You refer to the prophecy of the one who will bring balance to the Force. You believe it's this boy?
-- Mace Windu
When we first heard these cryptic words in the trailer for The Phantom Menace, they sparked wild speculation. What does the prophecy mean, and what will bring it to fruition?
The meaning may lie in the fundamental nature of the Star Wars universe.
Lucas has constructed a fallen galaxy, one whose inhabitants have eaten of the tree of knowledge and know good from evil. It is a galaxy of opposites, sharply divided between Tatooine and Coruscant, Imperial and Rebel, Light Side and Dark Side.
In a universe filled with dualities, it becomes essential for Anakin to fall from grace -- to cross from side to side, and back again -- if he is to bring balance to the Force.
Songs of innocence and experience
The poet Ted Roethke once wrote, "In a dark time, the eye begins to see." One cannot bring balance to something one knows nothing about, and Anakin must understand both good and evil if he is to fulfill prophecy.

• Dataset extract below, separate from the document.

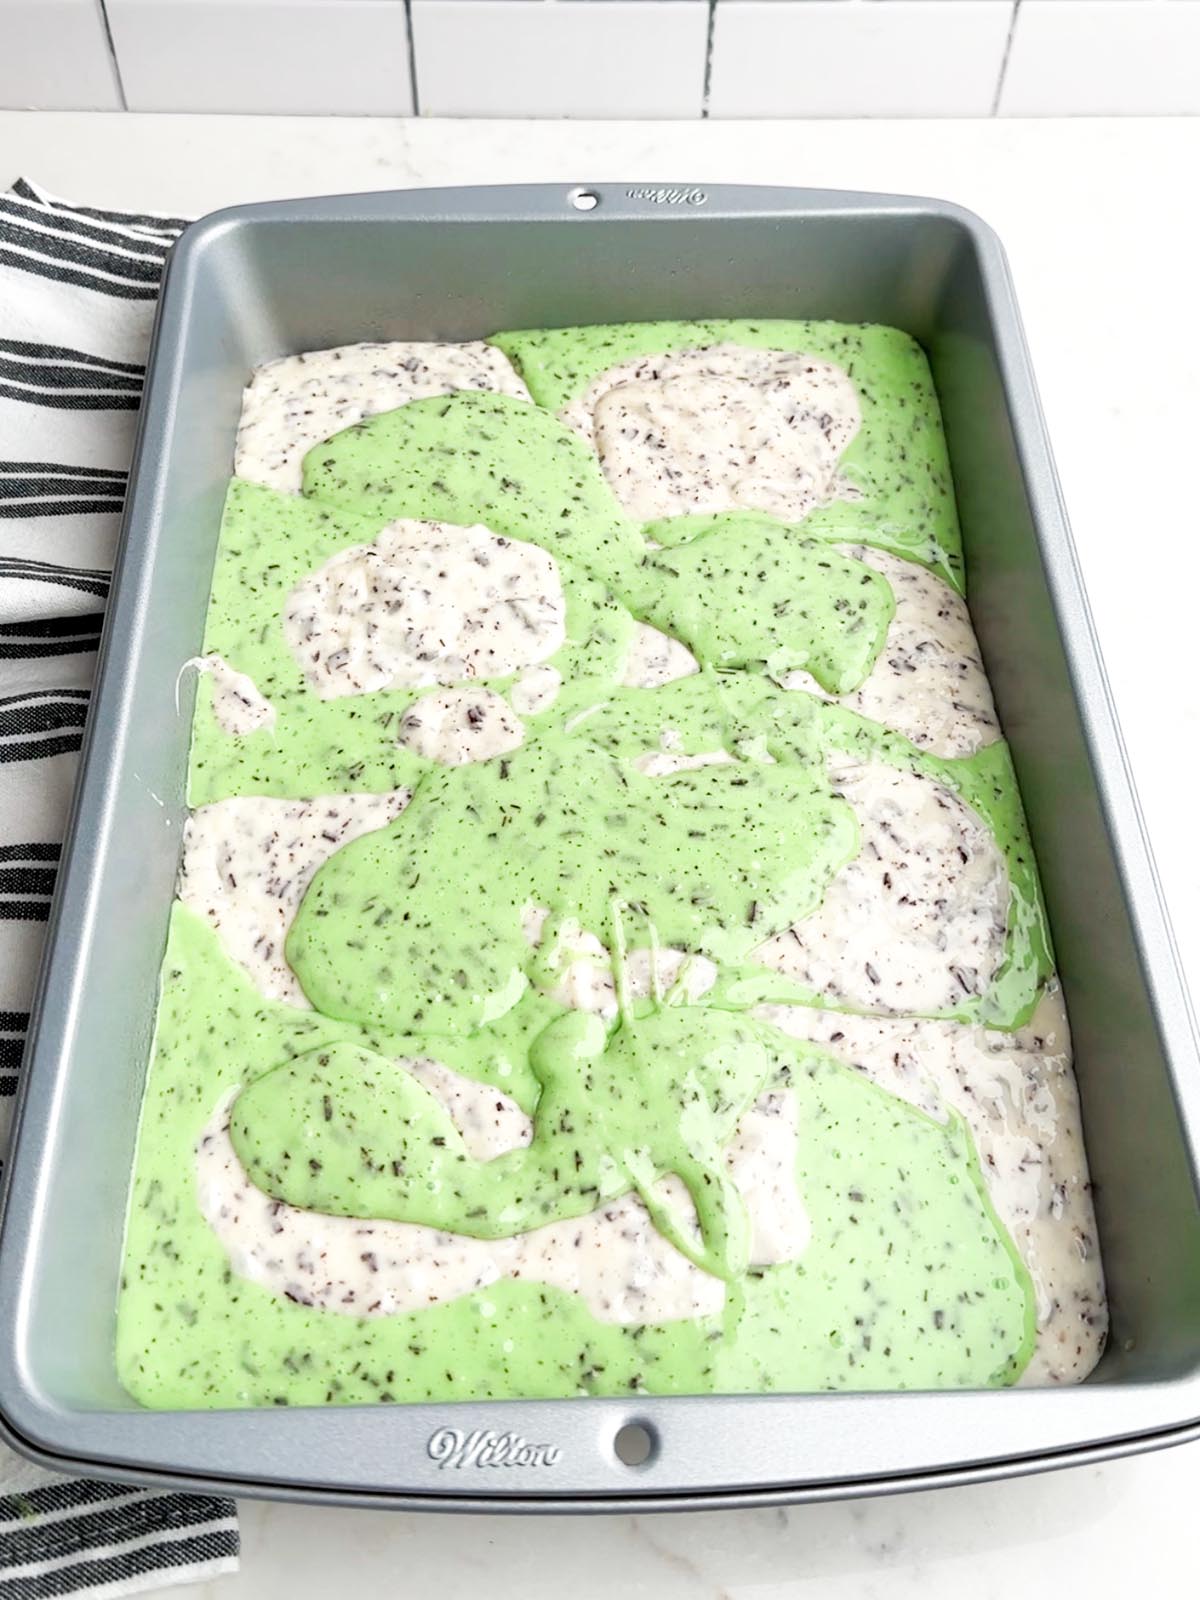 white and green cake batter in a cake pan

We see Anakin undergo more transformations than any other character in the saga, changing so much that at least four actors -- not even counting James Earl Jones -- will play him by the time Episode III's end credits roll.
Anakin's face evolves from that of a child, to the terrifying visage of Darth Vader, to something else entirely in the final moments of Return of the Jedi.
And his destiny is fixed, most strikingly because we have already seen the second half of his story. That said, his free will is crucial to that destiny -- as Lucas has said, "you can find your destiny and you can choose to follow it, or not."
In The Phantom Menace, Anakin takes the first steps towards his fate by vowing to return to Tatooine and free his mother. Shmi Skywalker will be returning in Episode II, but it seems unlikely that Anakin will be able to fulfill his vow.
We know little of the events that will bring Anakin to embrace the Dark Side. But even at the end of the story, free will is a crucial factor -- for all Vader's talk about destiny, it is ultimately his own choice to defy and destroy the Emperor that restores balance to the Force.
The personal made universal
Some critics -- science fiction author David Brin, for instance -- have downplayed the significance of this moment. They argue that the return of Vader to the Light Side is merely a personal victory; that the second Death Star would have been destroyed and Palpatine killed regardless of what happened in the Emperor's throne room.
That's not necessarily so.
Whether it's a matter of cinematic pacing or the will of the Force, the Battle of Endor does not turn in the rebels' favor until the Emperor dies. In the Lucas-sanctioned Return of the Jedi novelization, James Kahn attributes the rising tide of chaos in the Imperial fleet to the loss of the "central, powerful evil that had been the cohesive force to the Empire."
Vader's return to the Light Side is also essential on the mythic level George Lucas loves.
Joseph Campbell wrote in The Hero with a Thousand Faces that "one thing that comes out in myths is that at the bottom of the abyss comes the voice of salvation. The black moment is the moment when the real message is going to come. At the darkest moment comes the light."
The abyss doesn't come much deeper than the twisted soul of a broken man, kept alive by technology after betraying everything he dreamed of as a child.
Vader knows the abyss personally -- more intimately than any of the Jedi, who wall themselves off from the Dark Side -- and his slaying of the Emperor is the overt act that expresses a deeper spiritual realization.
When Vader redeems himself, the good guys have won. The exploding Death Star is just the fireworks.
Break on through to the other side
Anakin does more than break away from the Dark Side. He breaks through the web of apparent oppositions that cloaks the true nature of the Force itself.
"The separateness in the world is secondary," Campbell wrote. "Beyond the world of opposites is an unseen, but experienced, unity and identity in us all."
Anakin recognizes this and makes it a reality. For a moment, all the cosmic tumblers click into place, and the Light and the Dark Sides become two parts of Anakin's whole.
He brings balance by transcending the dualities of the Force, by realizing that he does not have to remain on the Dark Side. For him, the Dark Side becomes a passage, the underworld or dark forest that mythic heroes frequently have to traverse -- a pilgrimage foreshadowed by Luke's trip through the tree in The Empire Strikes Back.
Vader's act of atoning for his time on the Dark Side -- atonement, as they say, is another way of writing "at-one-ment" -- is also atonement with the rest of the galaxy. As Vader and son are reconciled, so Anakin is reconciled with his "father", the Force, the galaxy.
The separateness in the world of opposites, the gnawing gap between individual and galaxy, closes.
Anakin Skywalker has found balance in the Force.